Brian Thyer brian at thyer.net
Wed Mar 3 15:51:58 CET 2004


On Tuesday, March 02, 2004 11:10 AM, Francisco Gutierrez wrote:

> In the real world, economic equilibrium comes from the fact that
> the demand for something increases as the price drops, and the
> supply increases as the price rises, so a competitive market finds
> an equilibrium where demand=supply, a monopoly finds an
> equilibrium on the point along the demand curve where
> price*quantity is a maximum, and most markets are somewhere in
> between.

This is exactly what I'm betting on.  The way I see it, most markets
will (as I learned in my Intermediate Price Value Theroy
Class..i.e., hell) fluctuate between the two markets depending on
the demand, supply, market information, effects of game theory, and
other fluctuations.

> For example if I am hungry and dying of hunger, a hamburger might
> be worth 1000 dollars to me, but the second hamburger will not be
> worth that much, and once I am stuffed, I will reach a point where
> the hamburguer is worth zero (unless I can store it for later or
> sell it to somebody else).  This means that as price goes down my
> demand increases.

You're talking about elasticity of demand.  When you're dying of
hunger your elasticity of demand (how elastic your demand is) for
the burger is high.  Meaning you're willing to pay whatever you have
to, money's no object so long as you get that burger.  But as your
demand is met by the available supply your elasticity (marginal
utility function) decreases because you're less and less willing to
pay all that money for a burger because your demand is less.  This
is why companies erect barriers to entry in their markets.  If they
can keep themselves in a monopolistic market, than that elasticity
(marginal utility function) stays high because they control the
supply.

> Also, this decreasing marginal utility function means that I will
> trade off one good for another, until I maximize the utility of my
> investment of labor.  So I will trade my third hamburger for a
> beer, etc.  And I will trade my 9th hour of work for leisure.  But
> if you offer me more for my 9th hour of work I might decide to
> work instead.  This means that as price goes up my supply
> increases.  If everybody has the same incentives as me, then the
> market aggregate demand and the aggregate supply will have the
> same shape, and the market will reach an equilibrium.  This convex
> utility function could be implemented by natural resources that
> are increasingly harder to harvest (require more time, money,
> capital, etc), coupled with biological needs that provide unequal
> return on their satisfaction (the hamburger example).

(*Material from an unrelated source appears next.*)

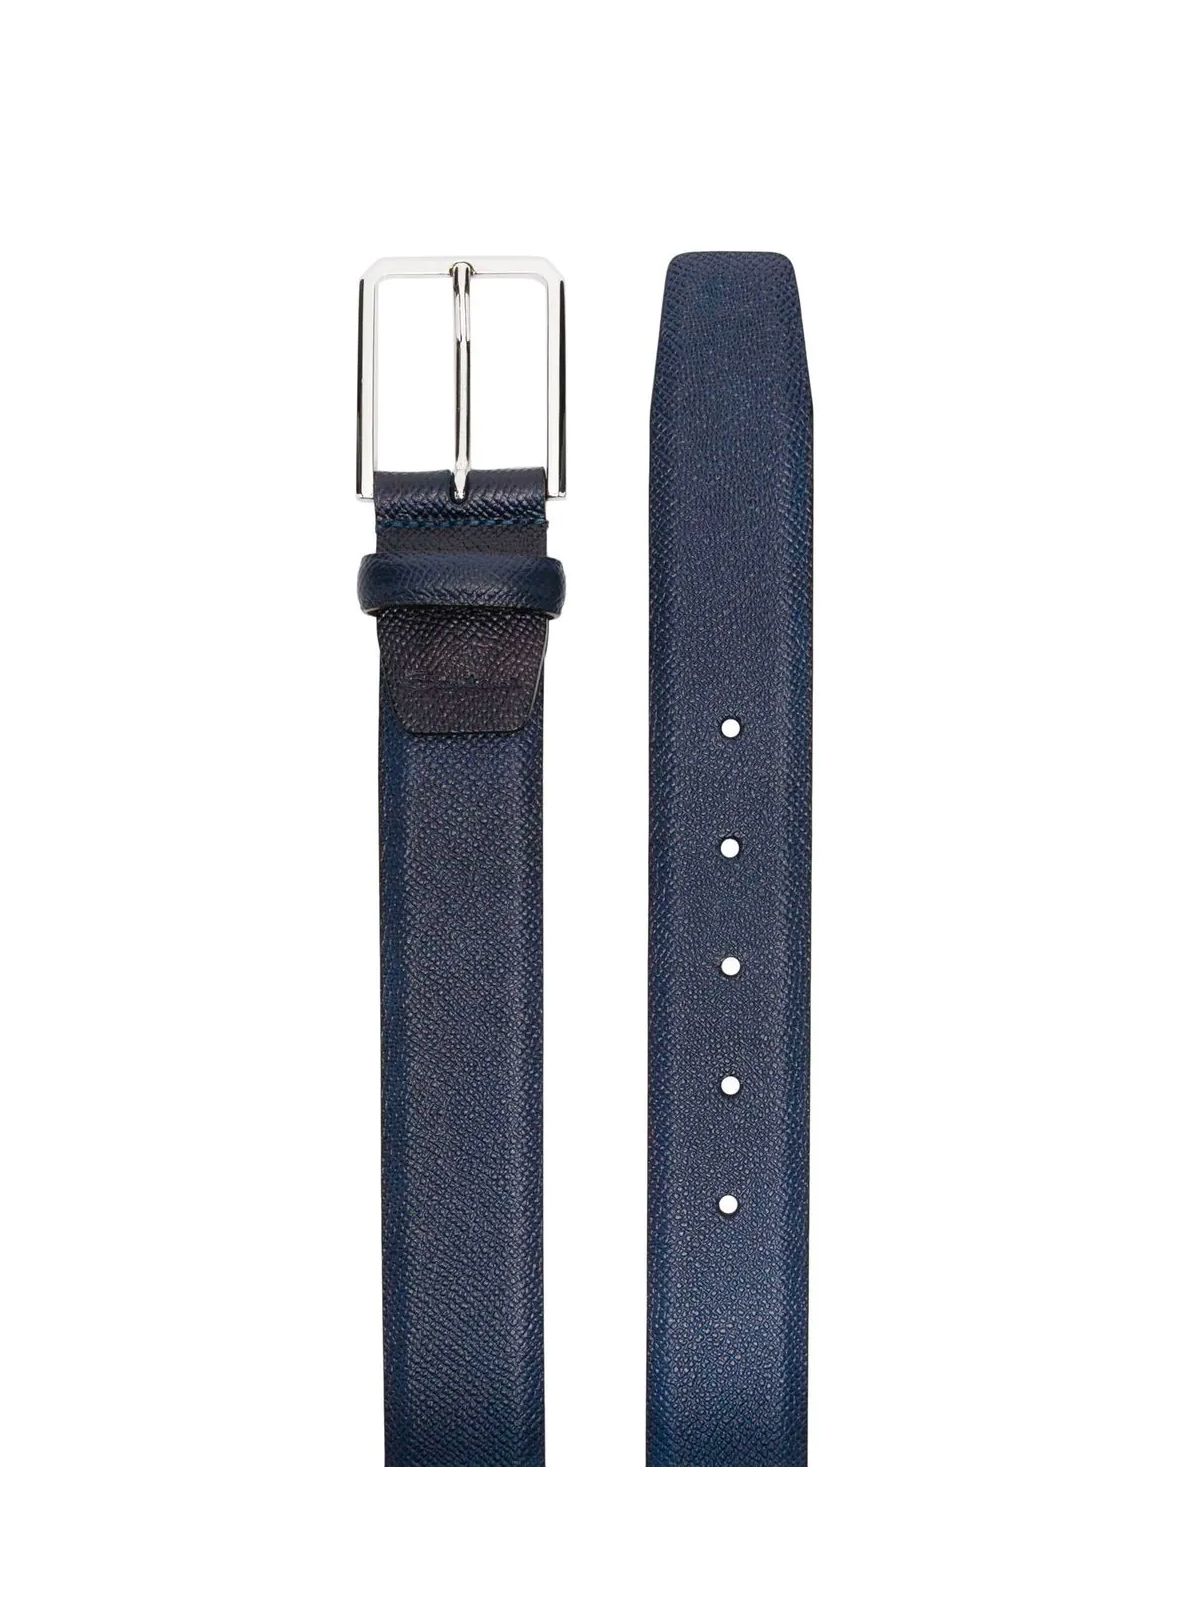 Shop Santoni Men's Belts: Regular Belt

My strength has always been in theory, and less in the actual math
analysis.  That's why Intermediate Price Value was so hard for me =)
But this is exactly what I'm hoping for in my market.  As demand and
supply fluctuate up and down for each individual consumer/seller,
markets should balance themselves so long as everything else stays
equal.  As natural resources in the world become more scarce, the
elasticity (marginal utility function) of demand goes up because the
supply goes down creating an increased price for a more scarce item.
Same reason I'm paying $1.80 per gallon of gas *gives OPEC the
finger*.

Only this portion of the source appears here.